Freshly produced uranium (VI) oxide from earthly natural uranium has a specific activity of 21050 Bq / g.
Chemical properties
Uranium (VI) oxide is amphoteric . In acidic solutions it forms uranyl ions UO 2 2+ . Oxouranates are formed in an alkaline environment . At 700–900 ° C it breaks down into triurane octoxide .
use
Most of it is processed into uranium dioxide , otherwise there is no important use.
toxicology
The chemical toxicity of this metal oxide is much more dangerous than its radioactivity . So, above all, precautions against poisoning must be taken.
Individual evidence
- ↑ a b David R. Lide (Ed.): CRC Handbook of Chemistry and Physics . 90th edition. (Internet version: 2010), CRC Press / Taylor and Francis, Boca Raton, FL, Properties of the Elements and Inorganic Compounds, pp. 4-97.
- ↑ Entry on uranium compounds in the GESTIS substance database of the IFA , accessed on February 1, 2016 (JavaScript required)
- ↑ Not explicitly listed in Regulation (EC) No. 1272/2008 (CLP) , but with the specified labeling it falls under the group entry uranium compounds with the exception of those specified elsewhere in this Annex in the Classification and Labeling Inventory of the European Chemicals Agency (ECHA) , accessed on February 1, 2016. Manufacturers or distributors can expand the harmonized classification and labeling .
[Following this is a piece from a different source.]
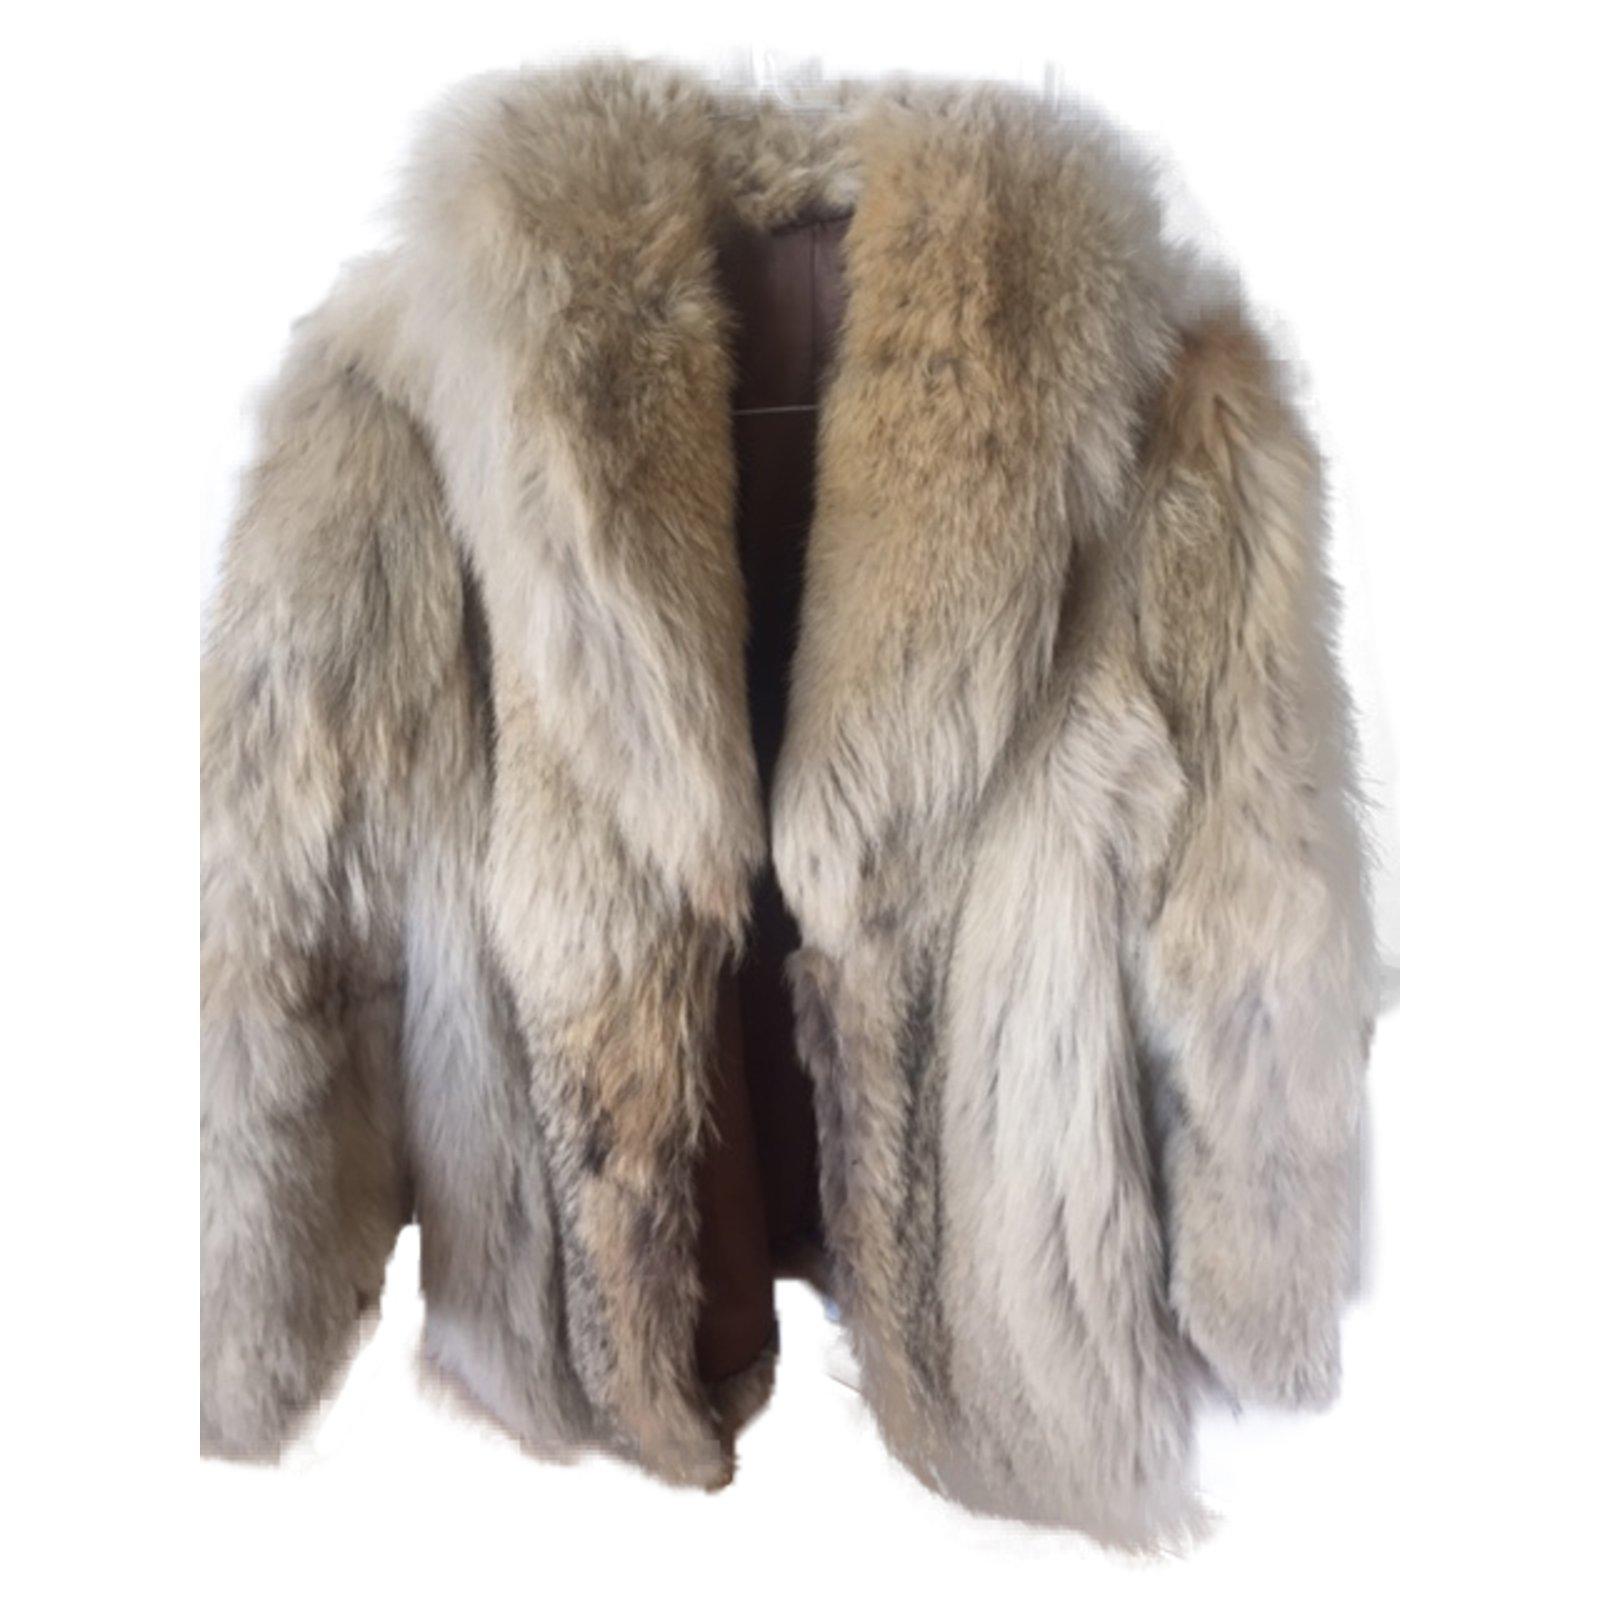 manteaux autre marque manteau de fourrure renard fourrure beige joli closet. Black Bedroom Furniture Sets. Home Design Ideas

- ↑ The hazards emanating from radioactivity do not belong to the properties to be classified according to the GHS labeling.
- ^ AF Holleman , E. Wiberg , N. Wiberg : Textbook of Inorganic Chemistry . 102nd edition. Walter de Gruyter, Berlin 2007, ISBN 978-3-11-017770-1 , p. 1971.
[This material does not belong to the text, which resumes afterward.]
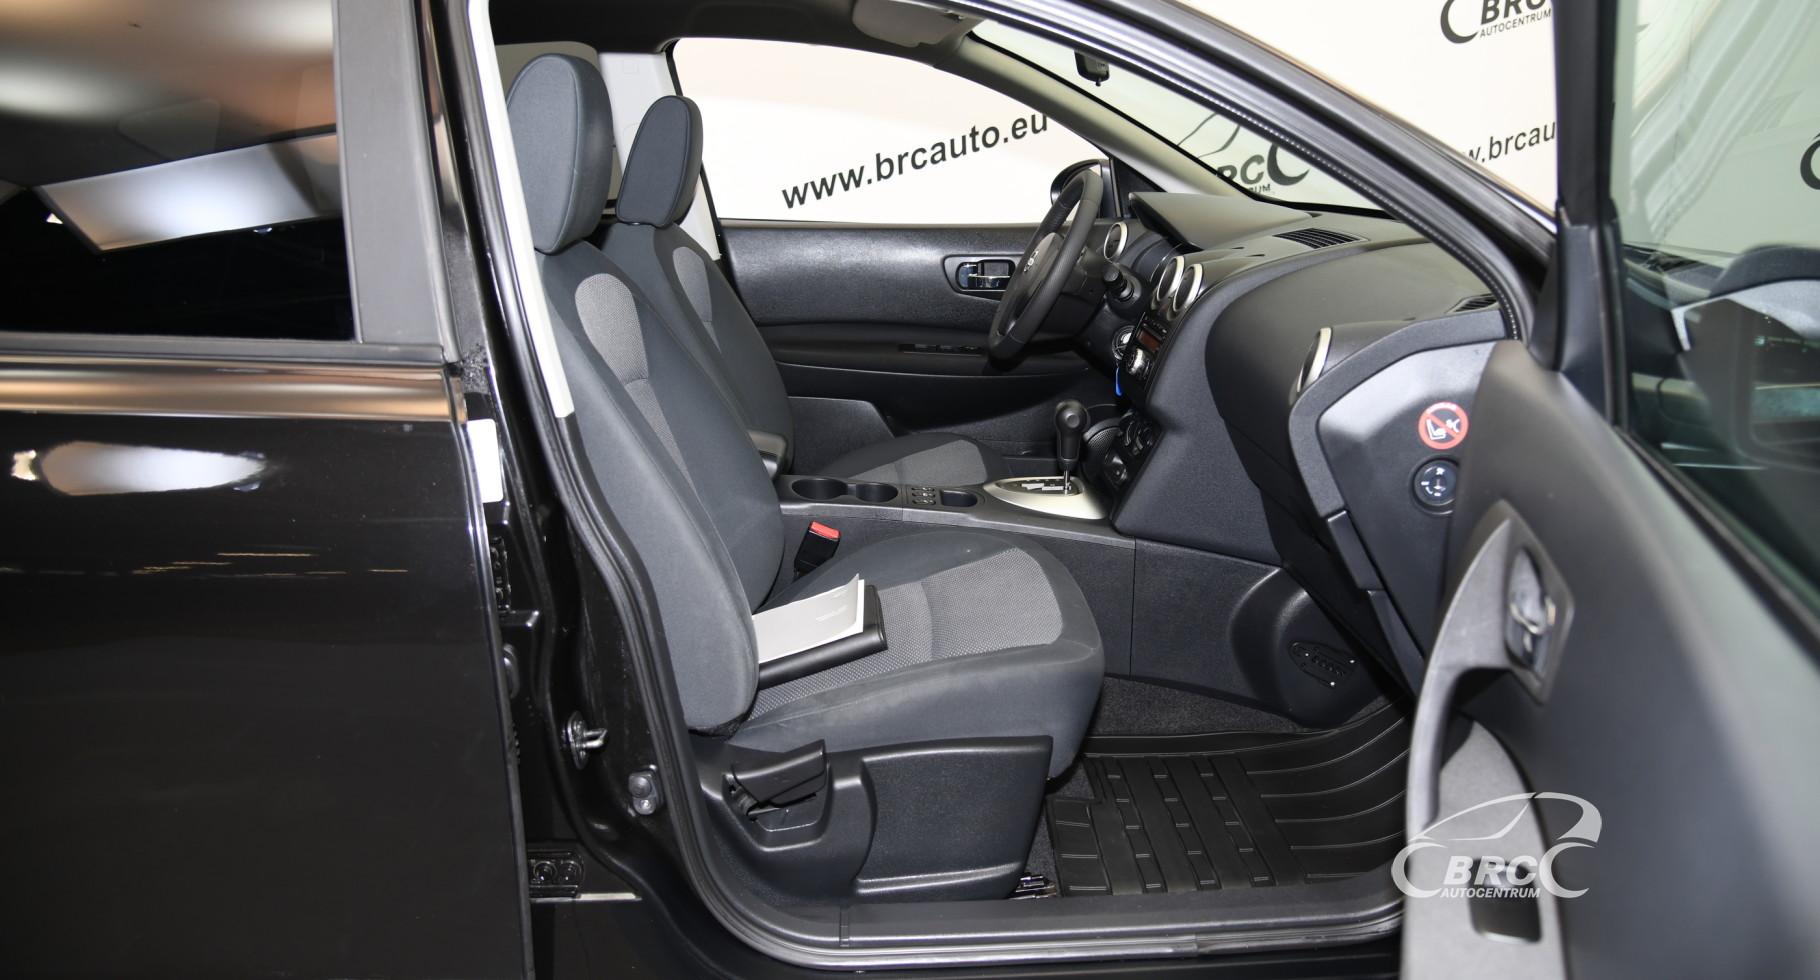 Nissan Qashqai 2.0 2WD Automatas

- ↑ Georg Brauer (Ed.), With the collaboration of Marianne Baudler a . a .: Handbook of Preparative Inorganic Chemistry. 3rd, revised edition. Volume II, Ferdinand Enke, Stuttgart 1978, ISBN 3-432-87813-3 , p. 1225.
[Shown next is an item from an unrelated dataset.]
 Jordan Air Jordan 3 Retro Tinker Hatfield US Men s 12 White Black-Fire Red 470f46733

- ↑ B. O. Loopstra, E. H. P. Cordfunke: On the structure of alpha UO 3 . In: Recueil des Travaux Chimiques des Pays-Bas et de la Belgique 85, pp. 135-142.
- ↑ PC Debets: The Structure of β-UO 3 . In: Acta Crystallographica , 1966, 21, pp. 589-593 ( doi : 10.1107 / S0365110X66003505 )
- ↑ B. O. Loopstra, J. C. Taylor, A. B. Waugh: Neutron Powder Profile Studies of the Gamma Uranium Trioxide Phases . In: Journal of Solid State Chemistry , 1977, 20, pp. 9-19 ( doi : 10.1016 / 0022-4596 (77) 90046-9 )
- ↑ M. T. Weller, P. G. Dickens, D. J. Penny: The Structure of δ-UO 3 . In: Polyhedron , 1988, 7 (3), pp. 243-244 ( doi : 10.1016 / S0277-5387 (00) 80559-8 )
- ^ S. Siegel, H. Hoekstra, E. Sherry: The Crystal Structure of High-Pressure UO 3 . In: Acta Crystallographica , 1966, 20, pp. 292-295 ( doi : 10.1107 / S0365110X66000562 )
literature
- Ingmar Grenthe, Janusz Drożdżynński, Takeo Fujino, Edgar C. Buck, Thomas E. Albrecht-Schmitt, Stephen F. Wolf: Uranium , in: Lester R. Morss, Norman M. Edelstein, Jean Fuger (eds.): The Chemistry of the Actinide and Transactinide Elements , Springer, Dordrecht 2006; ISBN 1-4020-3555-1 , pp. 253-698 ( doi : 10.1007 / 1-4020-3598-5_5 ).